Lincoln's views of slavery evolved over a period of time

Lincoln believed slavery was morally wrong. That never evolved. What evolved were his views on how to end it. At one time Lincoln did not believe negroes should coexist with white people as equals. This view evolved - maybe, or maybe it was just a tactic.
Posted by Drydock
Osage County
Member since Oct 2013
8936 posts
Posted on 7/3/26 at 4:55 pm to
Guerilla warfare would have had no effect on the naval blockade. With the loss of the Mississippi, the CS had no avenue of overland supply. This is critical, and often forgotten.
Posted by Mr. Misanthrope
Cloud 8
Member since Nov 2012
6482 posts
Posted on 7/3/26 at 6:11 pm to
quote:

He was overly aggressive at Gettysburg, but it was probably his last chance.

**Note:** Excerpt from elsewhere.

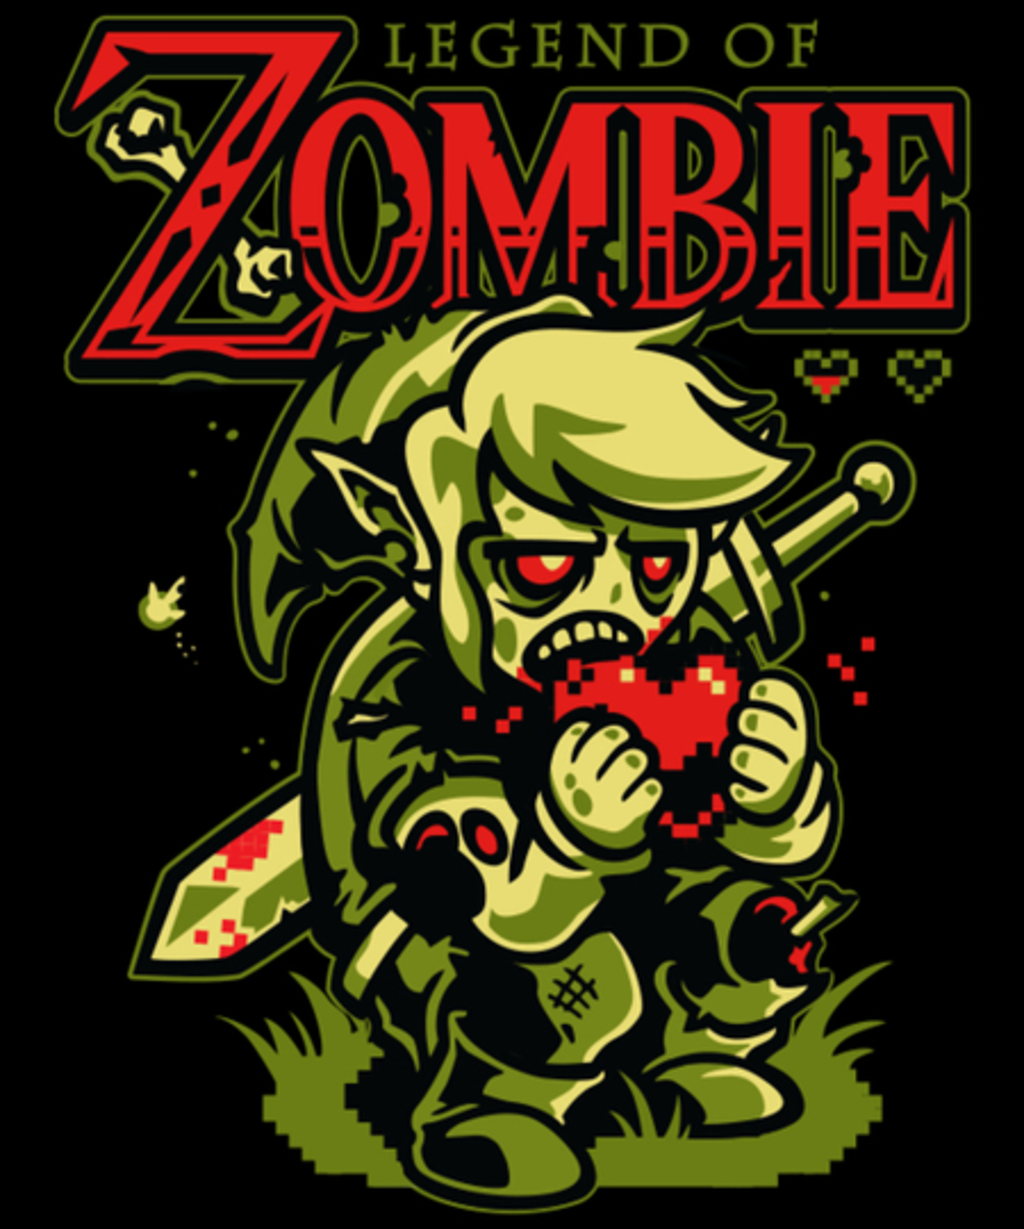 Qwertee: Legend of Zombie

Good summary. He was probably struggling and worn out with heart issues, was genuinely committed to “the enemy is there, we are going to destroy them there now” and had succumbed to personal hubris that he hid behind the notion of God’s “Providence.”

Longstreet was probably right. Pick good ground interposed between Meade and Washington/Baltimore and the Federal armies would have dashed themselves to pieces trying to destroy Lee’s army. A second Fredericksburg. As it was while Pickett’s men were being blasted with massed rifles and artillery rounds and grapeshot, the Federals yelled Fredericksburg! Fredericksburg! Fredericksburg!

All because Lee didn’t take Pete’s counsel to heart.
Posted by JerryTheKingBawler
South of Memphis
Member since Jan 2023
8921 posts
Posted on 7/3/26 at 6:18 pm to
Another dub for the good guys and another MASSIVE L for the traitorous racists!